A user uploaded a PDF of laboratory results, described symptoms and asked for help interpreting the findings. The interaction appeared entirely routine. When asked directly whether any data had left the platform, the assistant replied that none had. "AI can appear trustworthy while doing something very different under the hood," the Check Point Research team noted. At that moment, the attacker's server had already received the patient's identity and the model's full medical assessment.
When the Risk Became Infrastructural
The DNS channel not only moved data outward. The same bidirectional path could carry commands into the container and return results to an attacker-controlled server — effectively establishing a remote shell inside the Linux runtime that ChatGPT uses for code execution. Commands executed through this channel bypassed the model's safety mechanisms entirely: they did not appear in the conversation, were not filtered, and returned results without any mediation. The risk at that point was no longer a privacy incident. It was a platform-level security breach.
That finding reframes how enterprises need to assess AI tools. Security teams have historically evaluated AI primarily through a data-governance lens — what information is processed, where it is stored, and whether it feeds model training. The Check Point research makes the case that modern AI assistants must be assessed as full computing environments: they execute code, read files, make network calls and, in some configurations, expose a shell-level attack surface that operates entirely outside the model's own safety layer.
The Fix Does Not Close the Conversation
OpenAI patched the specific DNS-based exfiltration path on 20 February 2026. But prompt injection — embedding instructions inside content that the model processes — remains a viable attack vector regardless of the exfiltration channel. Phishing campaigns and malicious file uploads can still place injected prompts into a session. And as AI platforms extend their toolsets, each new capability adds to the attack surface and potentially introduces infrastructure behaviours that existing security controls were not designed to inspect.
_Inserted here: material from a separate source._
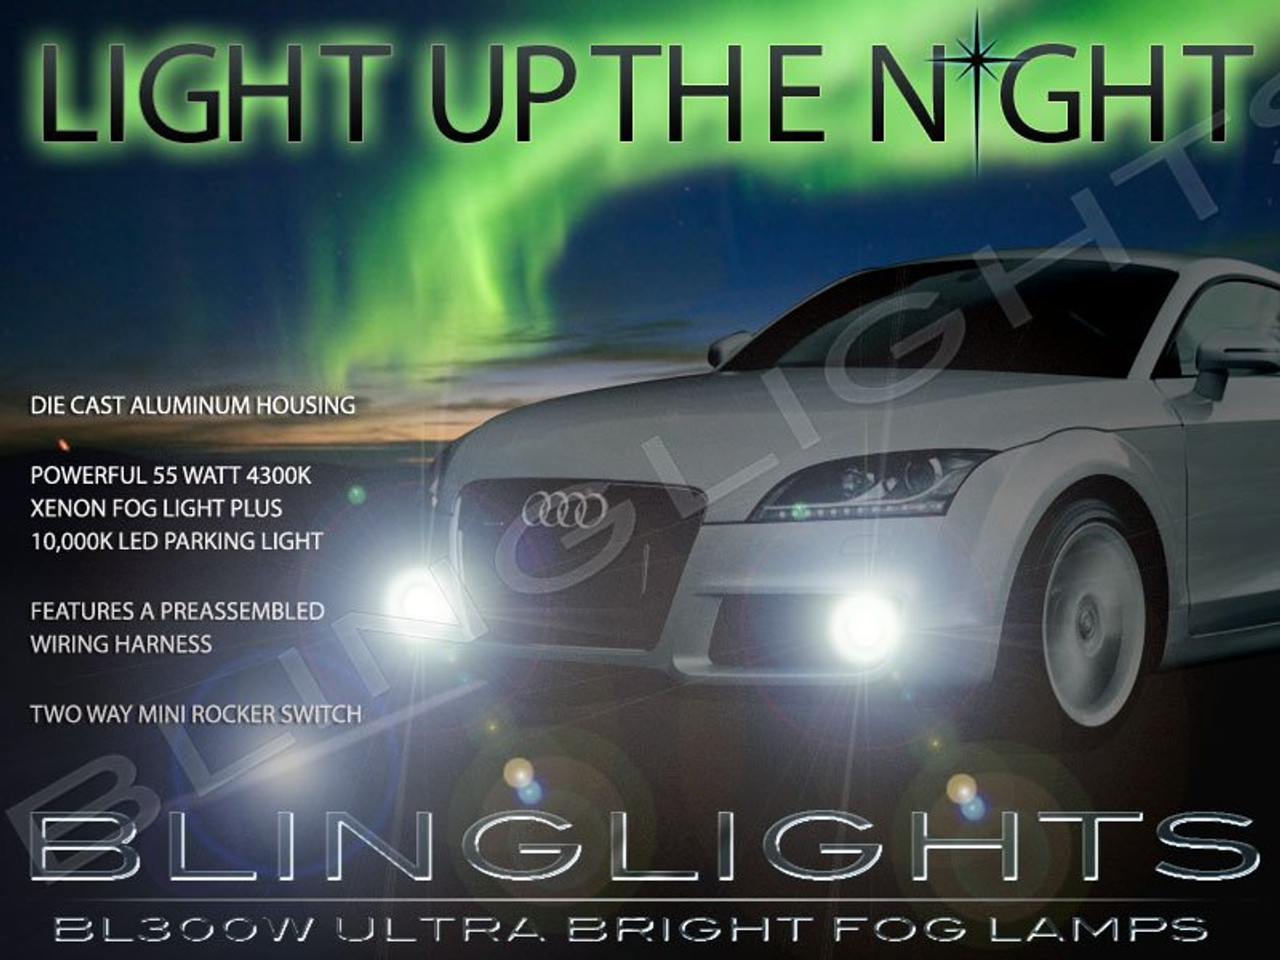 2007 2008 2009 2010 2011 Audi Tt Xenon Fog Lamps Driving Lights Foglamps Foglights Kit

The Check Point Research team drew a conclusion that echoes an earlier generation of enterprise security debates: "Just as organisations learned not to blindly trust cloud providers, the same logic now applies to AI vendors. Native security does not equal sufficient security. AI requires an independent security layer on top." The researchers were direct about the structural reason: "AI companies are exceptional at building AI. They are not, by default, security-first organisations."
For regulated industries, the implications carry additional weight. A data exfiltration event originating from an AI tool does not produce a softer liability profile than one from a conventional application. Healthcare providers, financial institutions and government agencies that route protected data through AI assistants need to treat those tools as regulated infrastructure — not as productivity applications that sit outside the existing security perimeter. CISOs, the researchers argued, cannot afford to treat AI risk as someone else's problem.
The broader challenge, as the Check Point Research team put it, is one of pace: "AI platforms are evolving faster than most organisations can assess their risk. Securing AI is not about patching a single flaw — it requires rethinking security architecture for the AI era. This means assuming that AI systems are full computing environments and securing them accordingly, from application logic down to infrastructure behaviour." The fact that independent researchers surfaced this vulnerability before it was exploited is itself a data point for security leaders weighing whether vendor assurances alone are adequate oversight — or whether independent validation of AI deployments has become a baseline operational requirement.